EXERCISE OBJECTIVE ▸ Copy down every line of the data that follows exactly. Omit the pictures.

EXERCISE DATA ▸
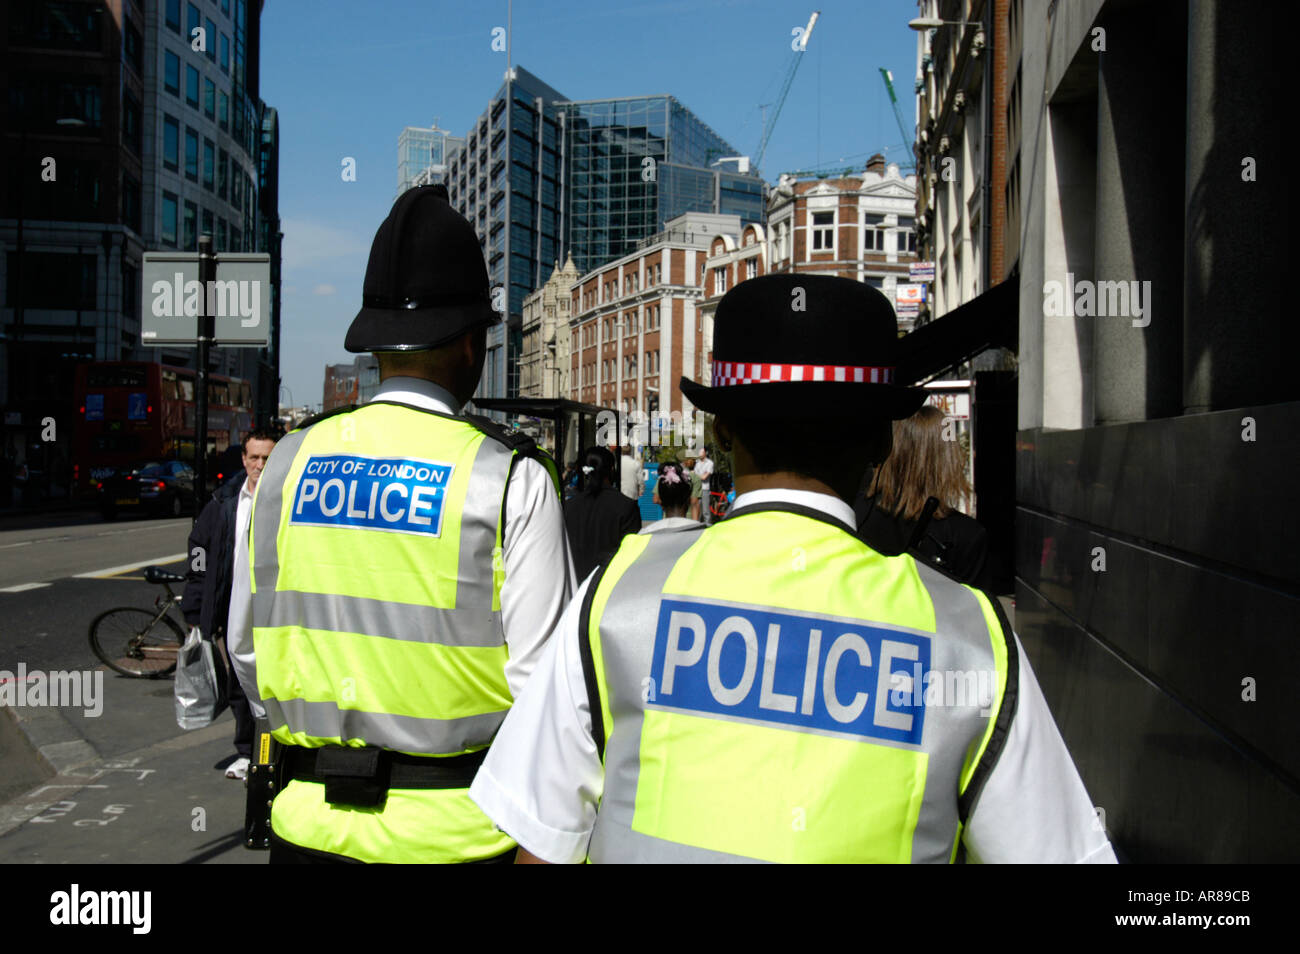 City of London Police, England UK Stock Photo
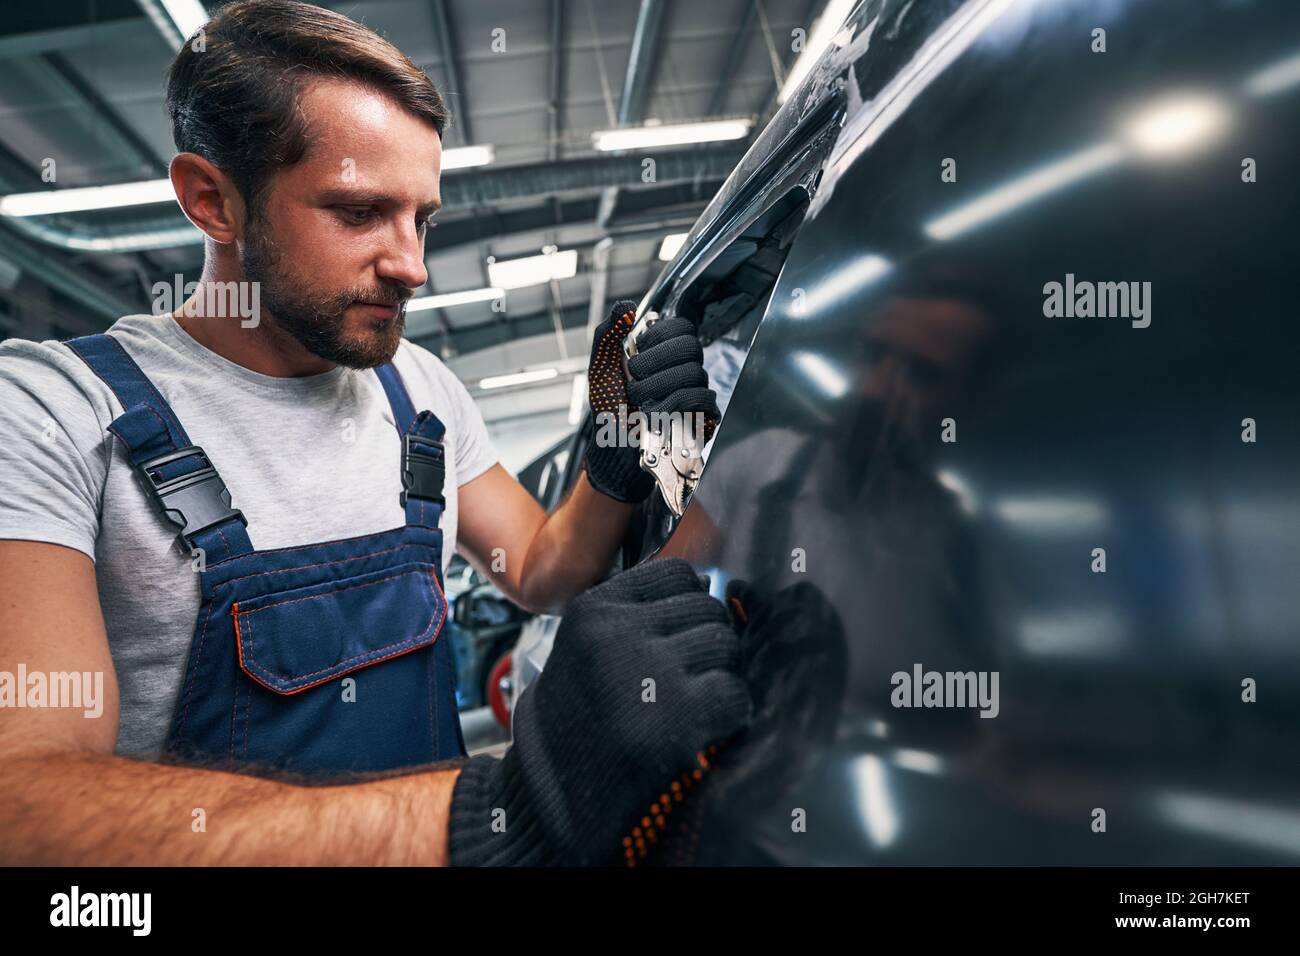 Auto mechanic using vice grip on car external detail Stock Photo
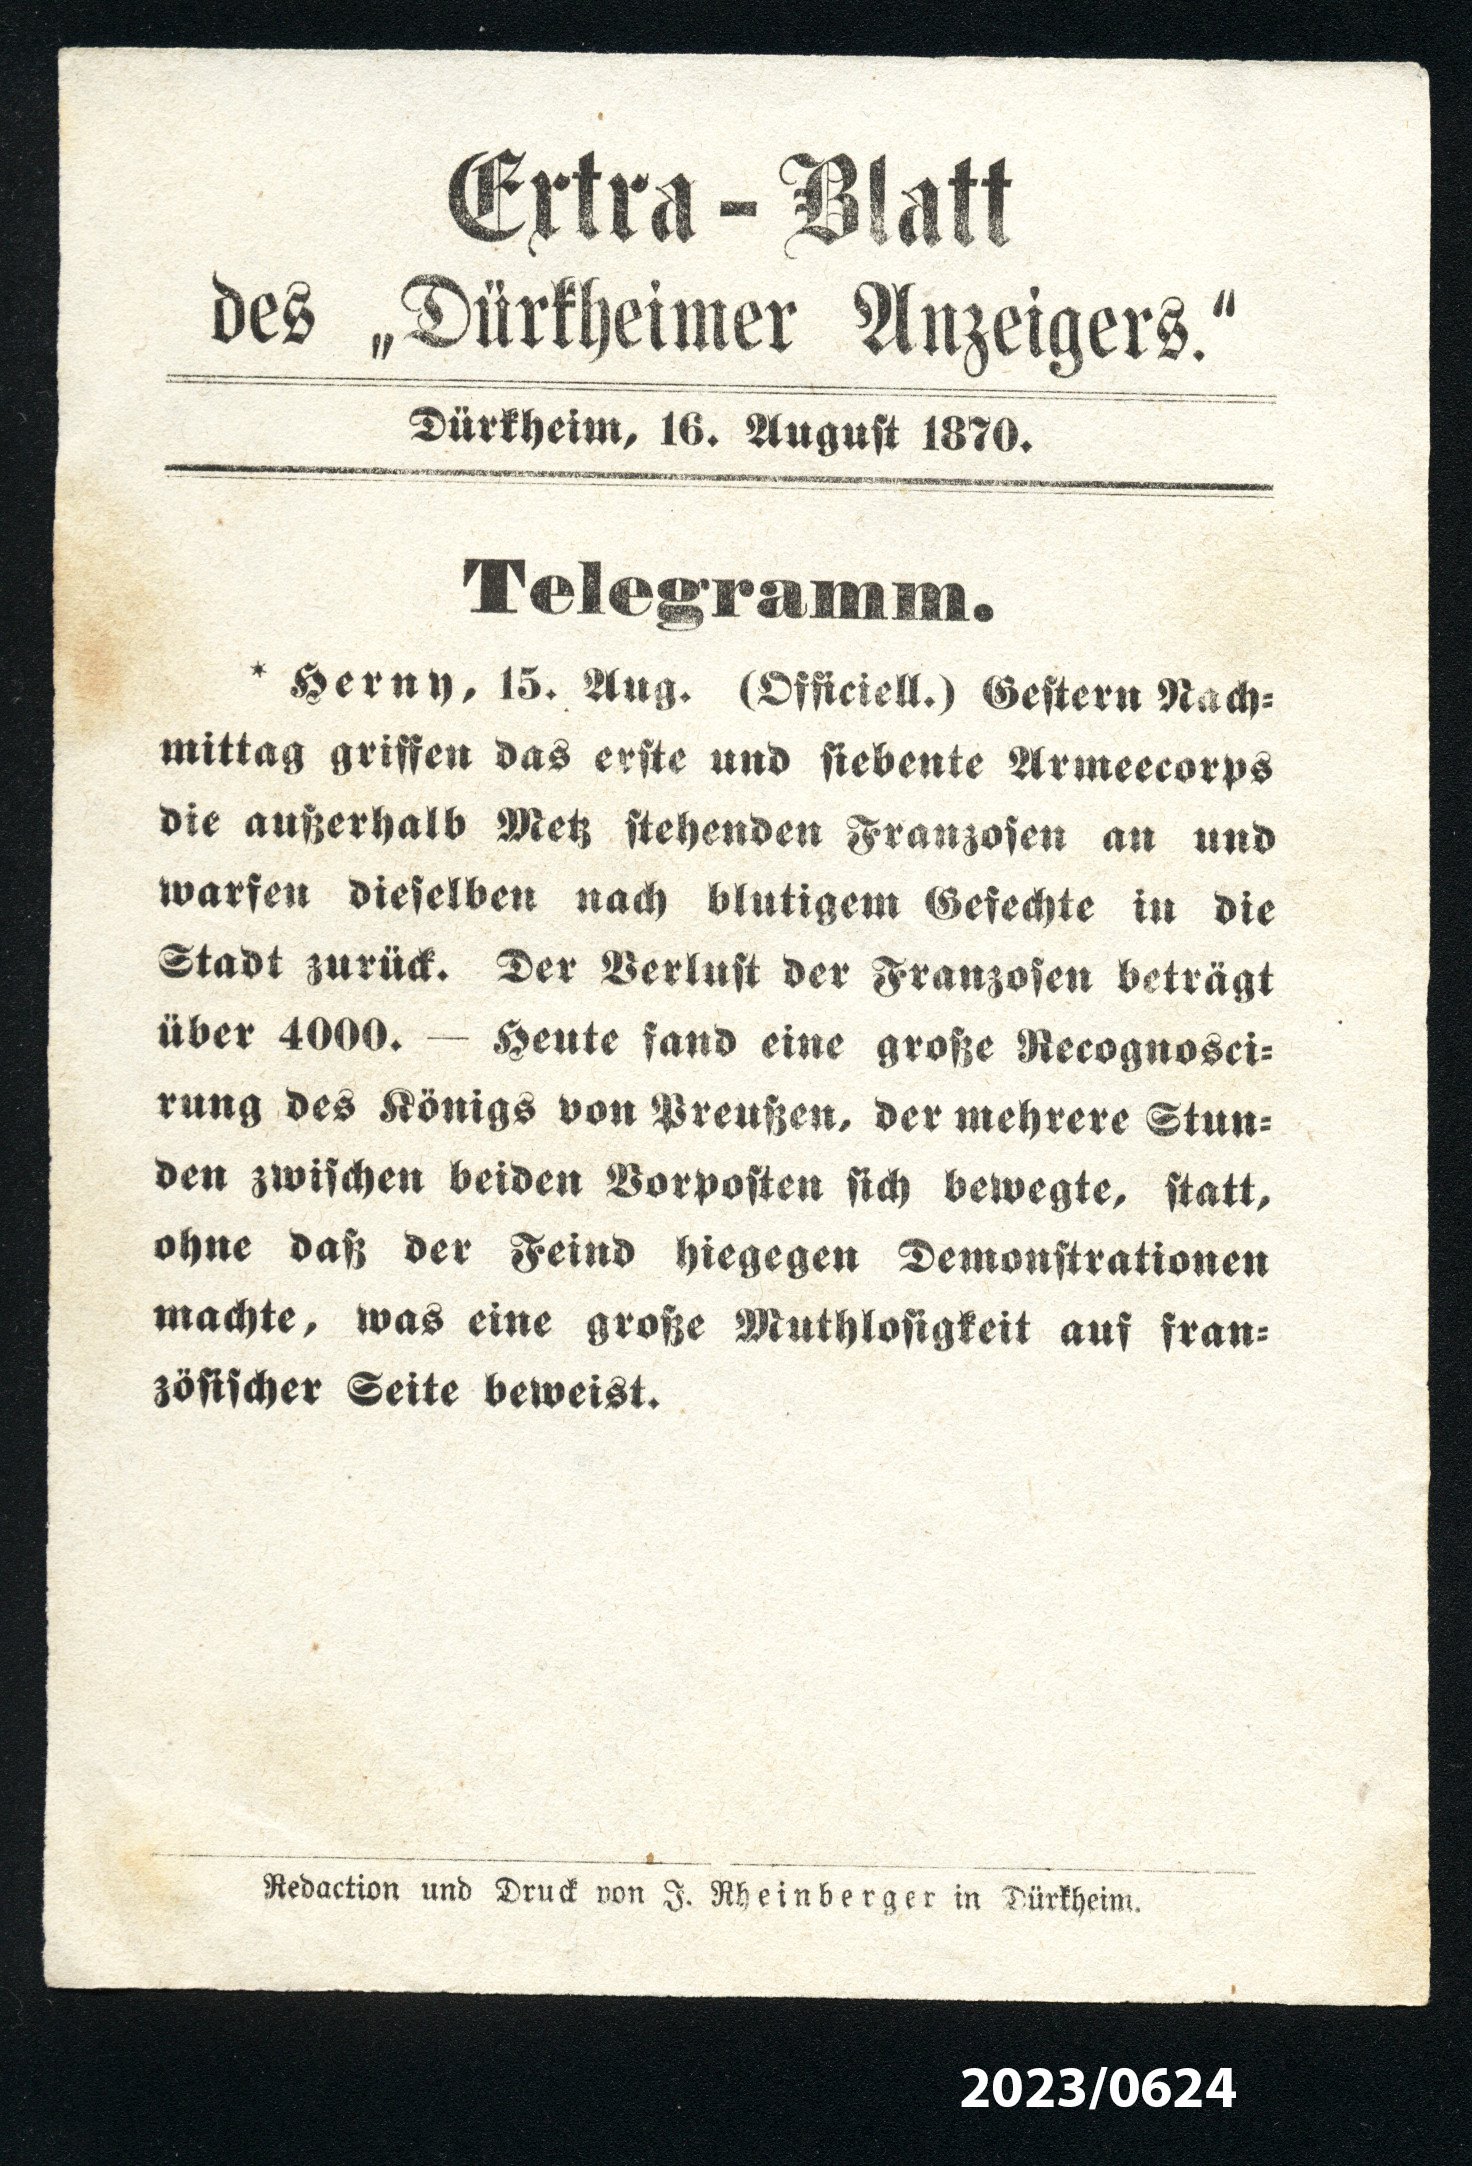 Extra-Blatt des "Dürkheimer Anzeigers" 16.8.1870 (Stadtmuseum Bad Dürkheim im Kulturzentrum Haus Catoir CC BY-NC-SA)
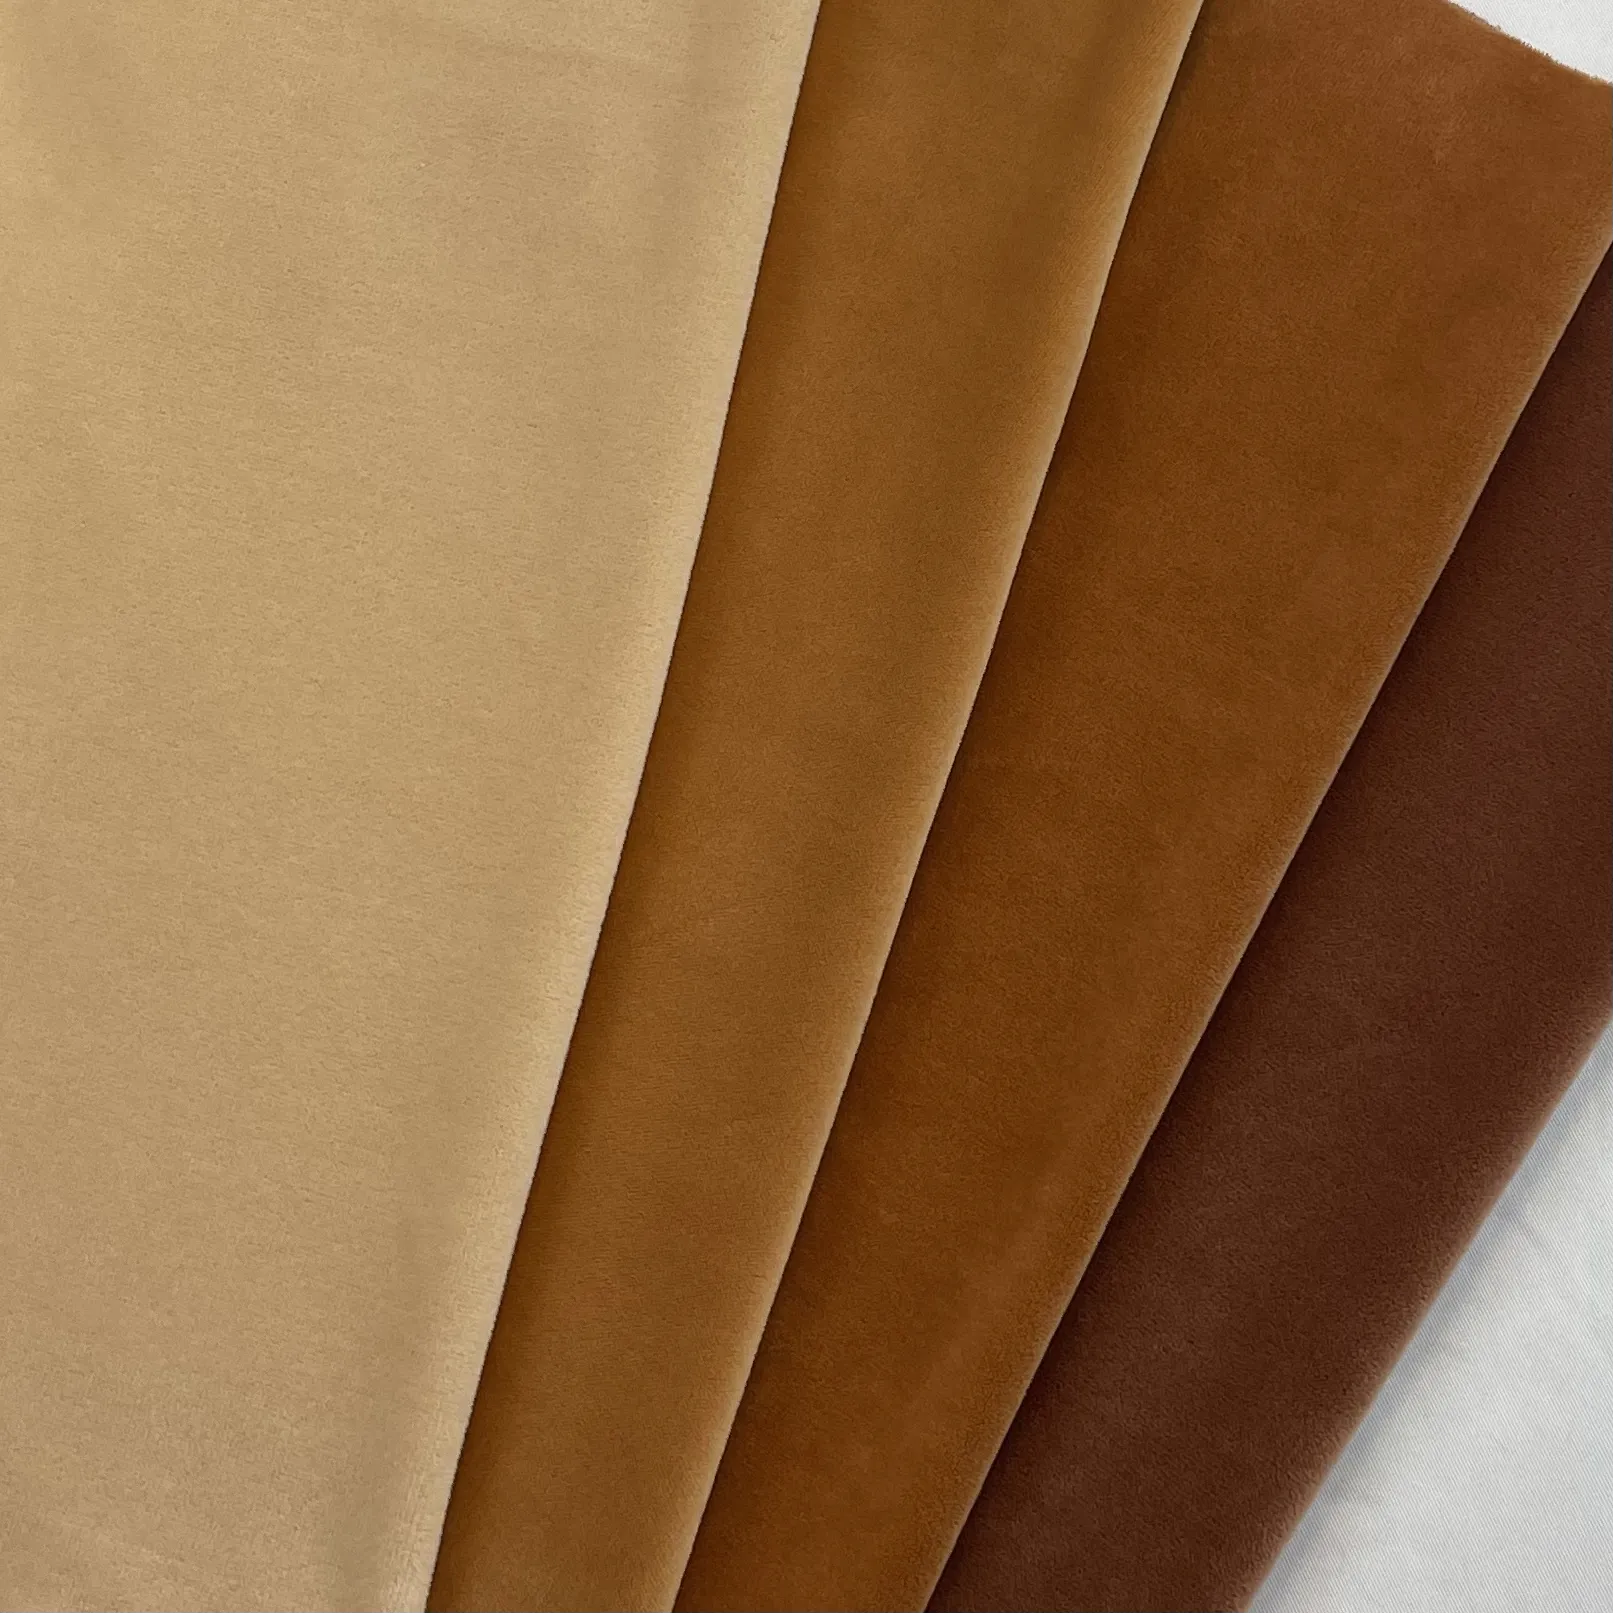 Multiwarna 100 Polyester kain velour super lembut kain beludru untuk set piyama untuk wanita

TASK SOLUTION ▸
 City of London Police, England UK Stock Photo
 Auto mechanic using vice grip on car external detail Stock Photo
 Extra-Blatt des "Dürkheimer Anzeigers" 16.8.1870 (Stadtmuseum Bad Dürkheim im Kulturzentrum Haus Catoir CC BY-NC-SA)
 Multiwarna 100 Polyester kain velour super lembut kain beludru untuk set piyama untuk wanita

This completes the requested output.